But now we get to the heinous part. AIG should have no rights at this point. Zero. Zip. Nada. The government already on the hook for an open-ended liability. Yet the Fed is treating AIG as a party that has rights and is negotiating with them, as opposed to dictating terms. This is staggering.

But what did the Feds do? They kept making the terms easier, and got nothing back, not even symbolic items like formally putting the company through bankruptcy to allow management contracts to be voided, firing the board, or at least demanding their resignation letters, along with those of C level managers, so the Feds could throw them out with no hassle if deemed necessary, or even indemnification, a no-brainer whose omission is what is allowing AIG to contemplate suing Uncle Sam. A basic rule is you never give a free concession in negotiations. You get something back, and the fact that AIG kept coming back to the well (three additional times) gave the Feds plenty of time to ponder if there was anything they had missed in their earlier dealmaking. But their priority was not to protect the interest of the public, it was just to salvage AIG with as little effort on their behalf as possible.
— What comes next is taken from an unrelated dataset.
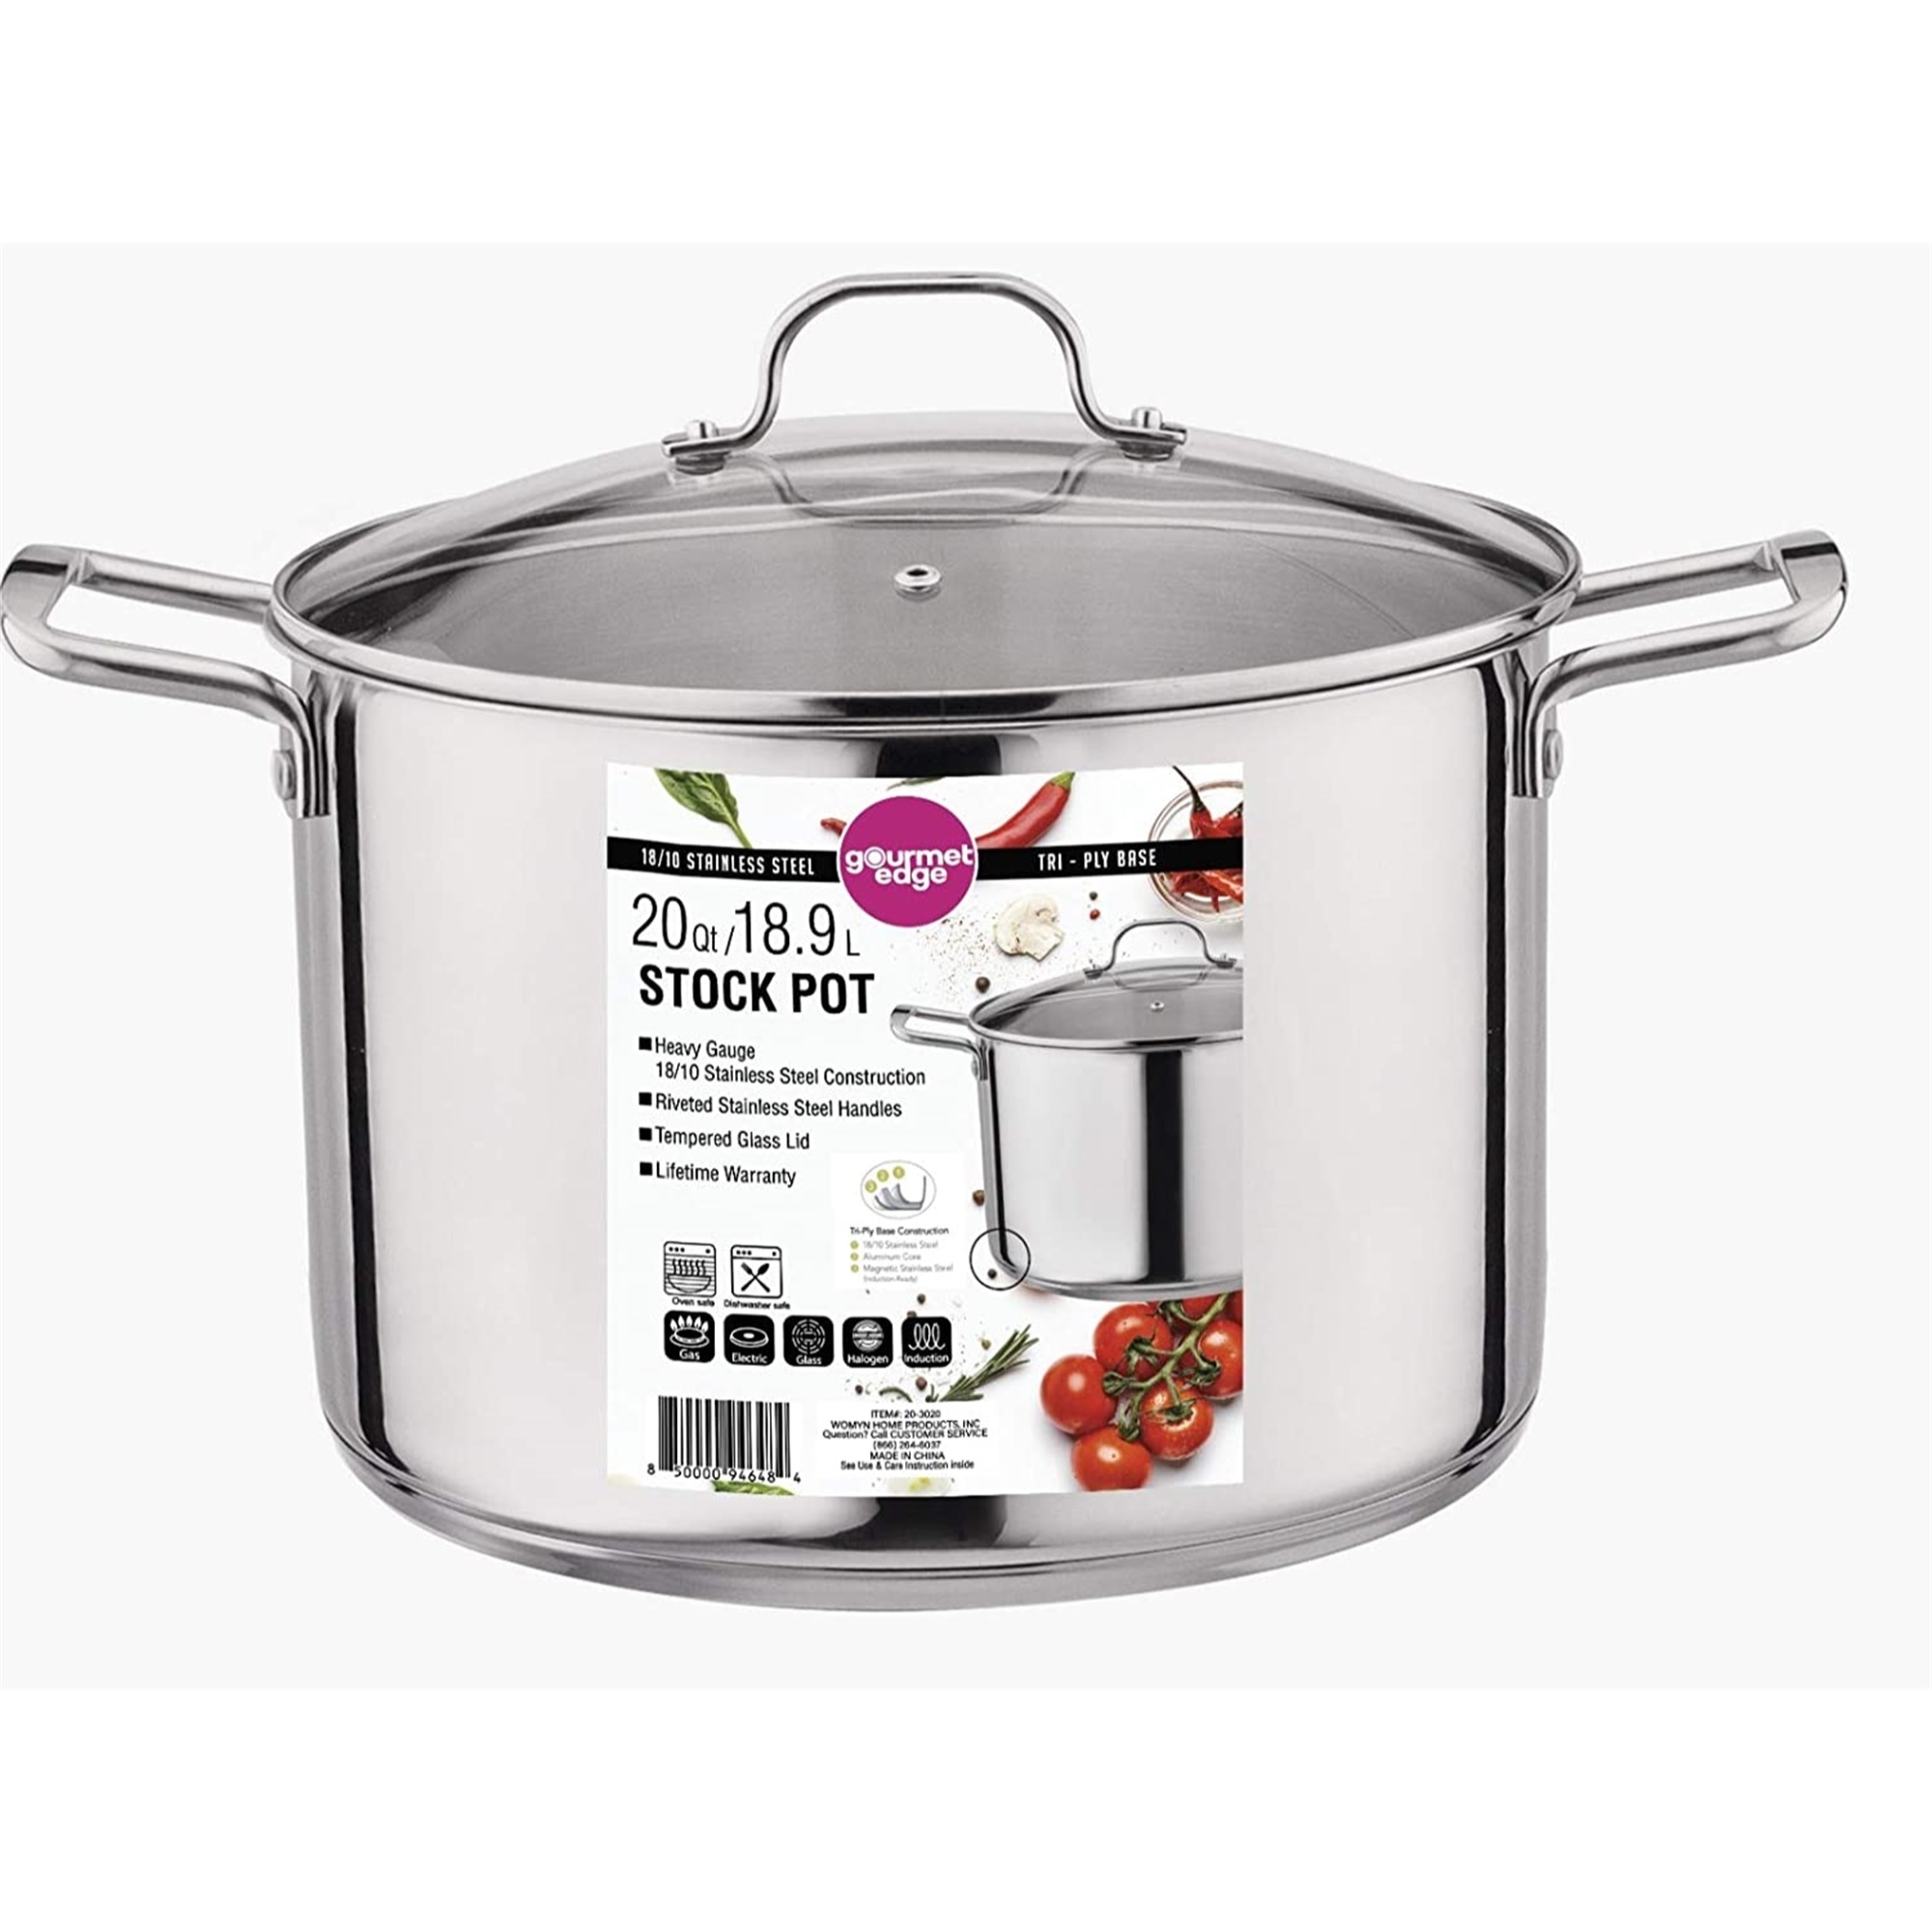 Gourmet Edge Stock Pot - Stainless Steel Cooking Pot with Lid, Silver- 20  Quart

How Starr can claim to have been victimized by a sugar daddy that kept shoveling more and more money at it? It got stealth bailouts too, such as Treasury going through hoops to preserve the value of $26.2 billion in net operating losses plus $9 billion of “unrealized loss on investments” that Sorkin called “a tax benefit, er, gift, from the United States government”

These aren’t the only claims that Starr makes, but they all flow from the idea that AIG was somehow snookered and abused in doing the initial bailout or that the government exercised undue control when it did one of its later restructurings in a manner that disadvantaged shareholders. Given that all these retrades amounted to corporate welfare, this is remarkably strained.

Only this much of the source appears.